Starting a new issue as per the instructions in that issue

please try to NOT start discussions in here, start a new issue instead. ONLY use this thread to report extensions - thank you

@Thorin-Oakenpants Hi, I'm the Privacy Possum developer. Responding to some of your points:

  1. ETags - we can already do this with a rule for Header Editor - or users can disable both disk+memory cache. The first solution is the best. The second can be a tad extreme (nothing in memory will cause extra traffic etc). A third solution is clearing cache eg say every 15 minutes via an extension but is not a perfect solution (time factors leave holes for repeat visits).
  1. ETags - Currently I remove inbound 3rd party ETag headers. And allow 1st party etag headers. This is because first party etag tracking is uncommon, and real non-tracking use of etags is common in a first party context. I have a technique for determine if a given resource is using tracking vs real etags, but I'm currently limited by Chrome's API.
  1. "fingerprinting" - uM (and uBO) can handle 3rd parties if used in "medium" or hardened mode or whatever they call it. Yes, not everyone uses it that way. And some 3rd parties are unavoidable no doubt (for the site to work). And there are 1st party FP scripts. Been subscribed to FPjs2 for years. Mozilla's RFP pref defeats most of this (fonts, multiple window metrics, hardware, timing, etc etc). The key to FP'ng is that it is a worst case scenario (always do your tests allowing all JS etc), but in really you control most if it by limiting JS and 3rd parties.
  1. fingerprinting - The difference I actively detect fingerprinting. And when detected, I only spoof data to the guilty scripts. So a nice script on the page will be able access the real navigator.userAgent a naughty script will get a random string. I think this is a fairly novel approach

I am building Privacy Possum as a platform for building heuristics for tracking detection and blocking. But the extension is very new and raw and so I haven't implemented many heuristics yet.

Thanks,

All 12 comments

Hi @cowlicks Thanks for dropping by :)

Please don't take anything I say as an affront - it's all questions/discussion. And also note my ignorance re the extension, as I have not installed it or looked at it's settings (if there are any). I am, at this stage, just going off what your repo etc says it does (and I totally get that PP is new and a work in progress).

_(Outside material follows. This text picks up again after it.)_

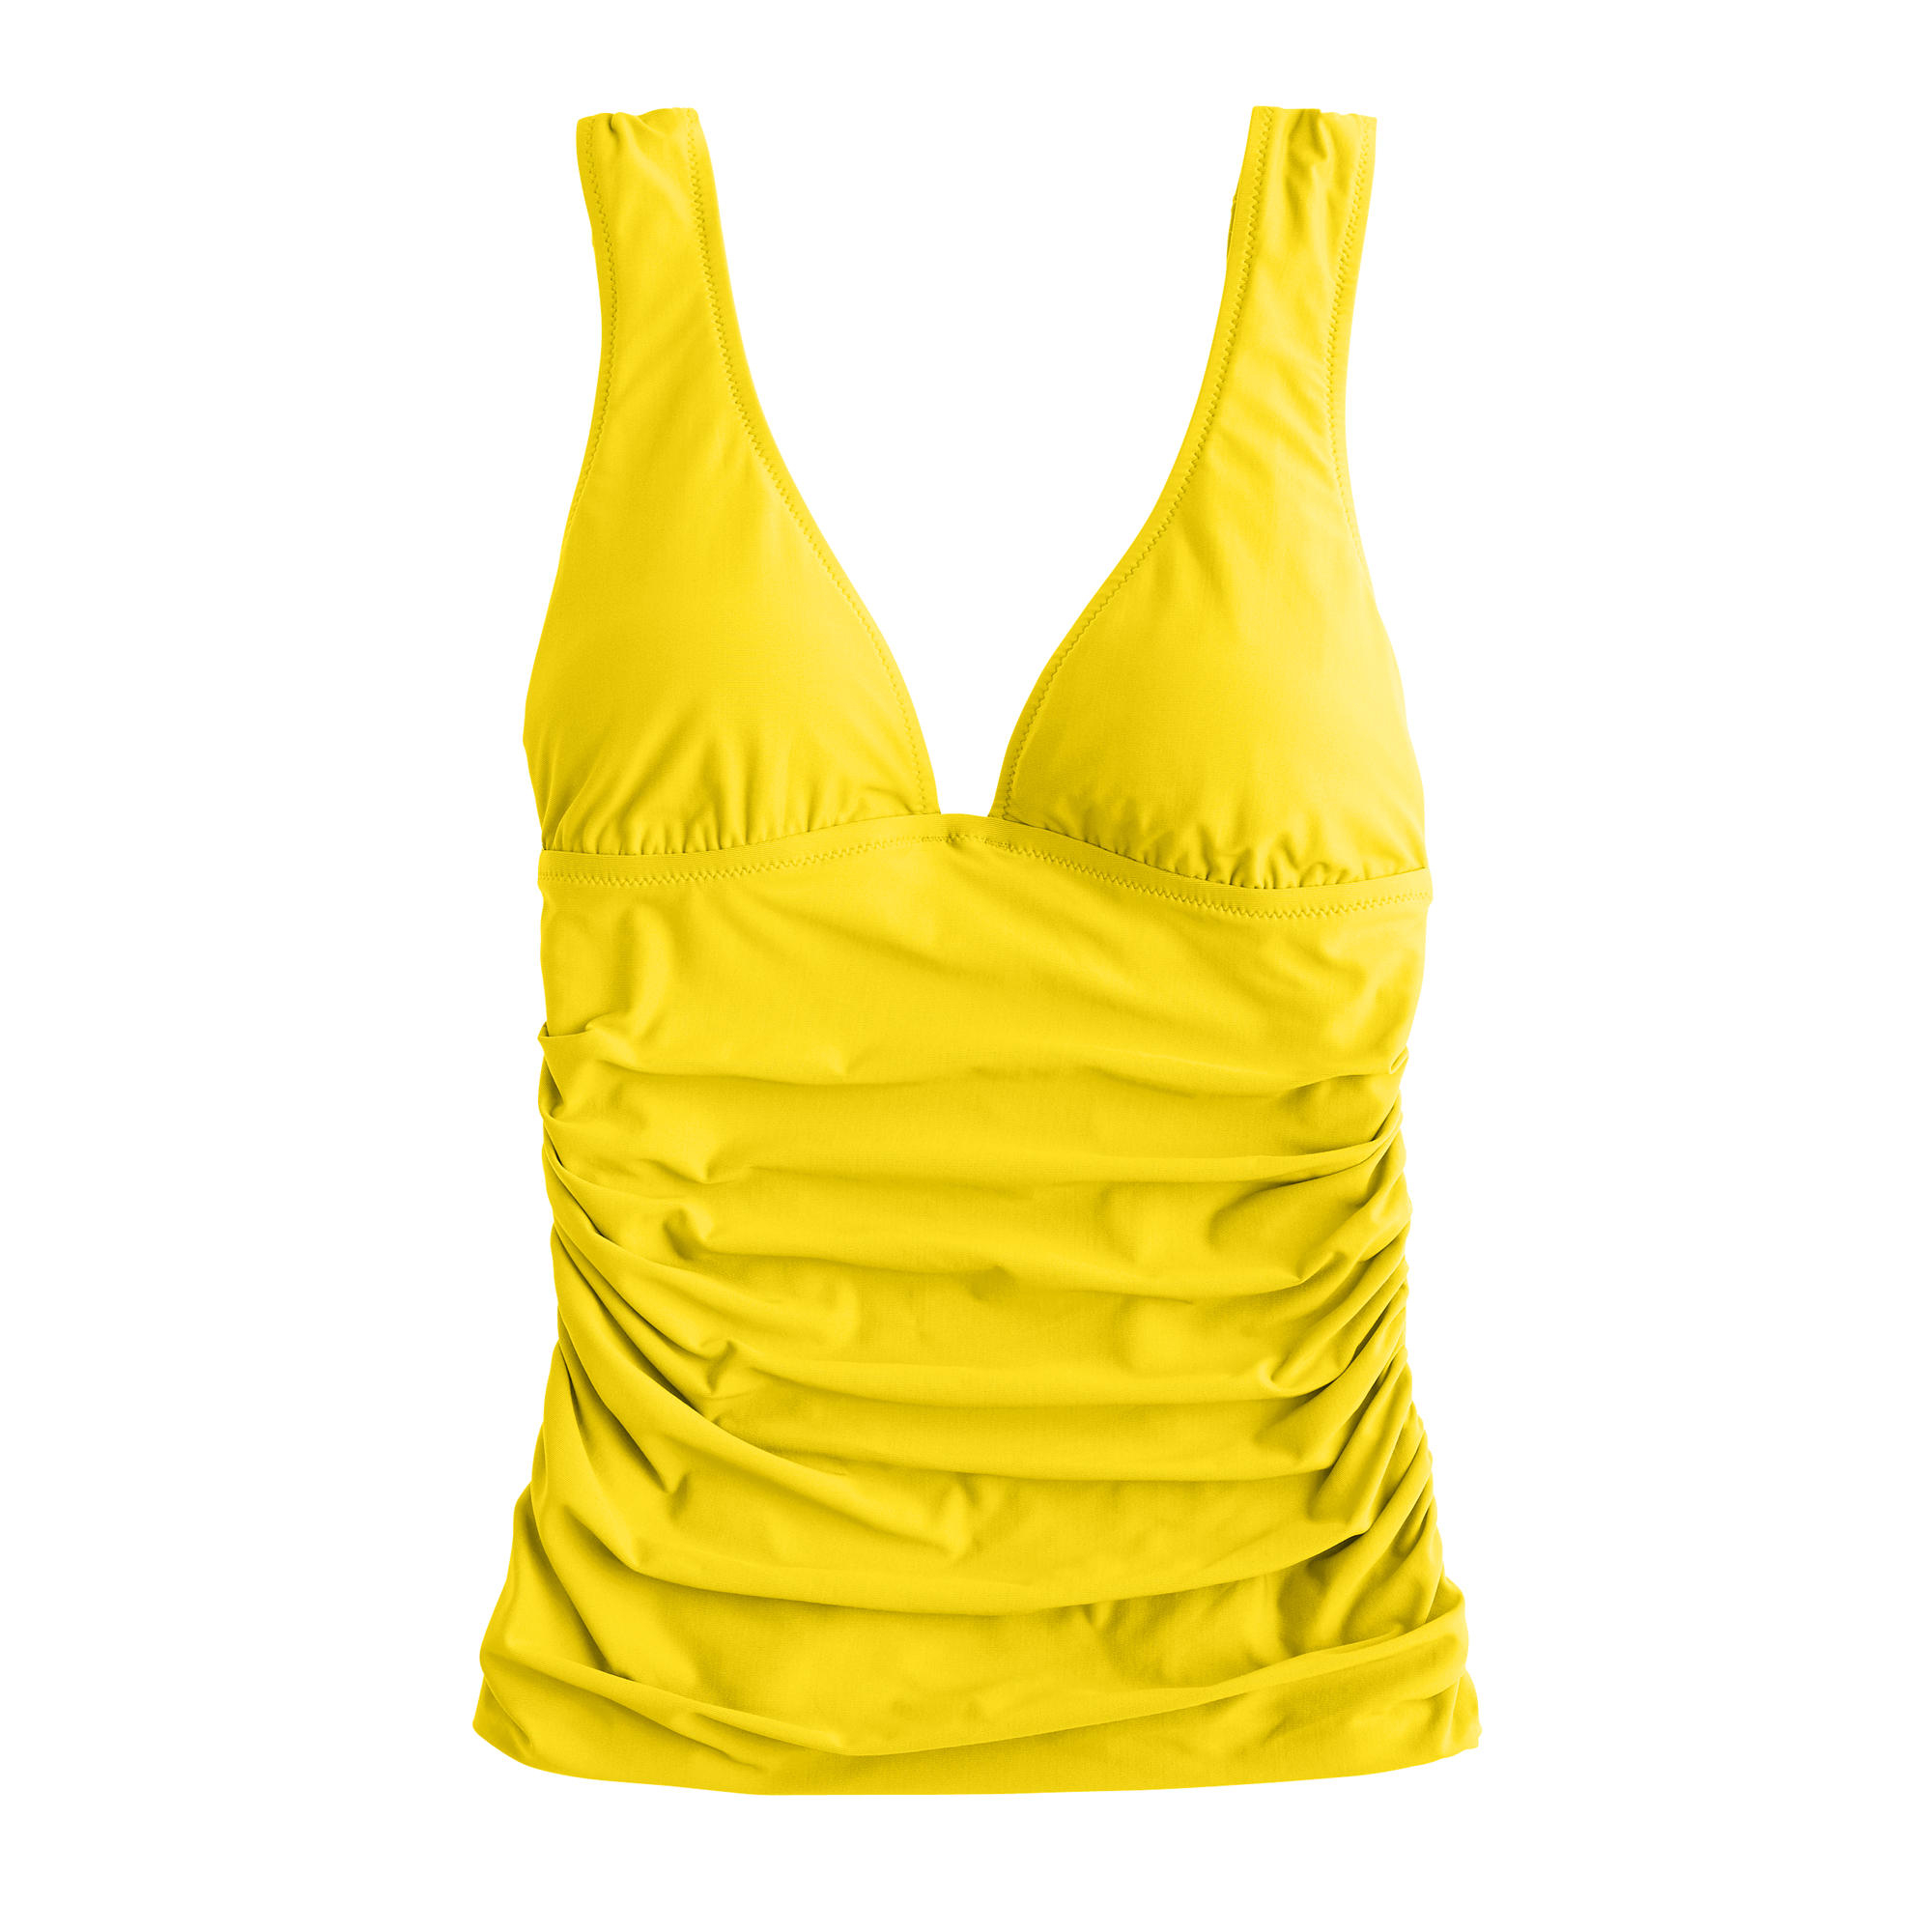 Jcrew Crisp Yellow Ruched Tankini Top Yellow Product 0 696900472 Normal

Just some background: this user.js doesn't have an actual manifest or design document, but basically it's the same as TBB (Tor Browser Bundle) - see this (which is all a bit tattered with edits over the years and some parts are out of date).

So essentially, we're concerned with as little persistent data storage as possible, separation of app and OS/other-apps, and of course security, tracking, privacy, anonymity, anti-FP'ing etc. Users can ramp up or relax some of those aspects as they wish.

First of all, personally, I think FP is slightly over-hyped. By that I mean you can stop most of it by limiting 3rd parties, and JS. That's the other mantra I push - default deny and then whitelist, whether that is cookies or JS or header referers etc. However, that is not practical for most users. And some FP'ing is server side (or even via CSS) - not to say that most of them can't be mitigated of course.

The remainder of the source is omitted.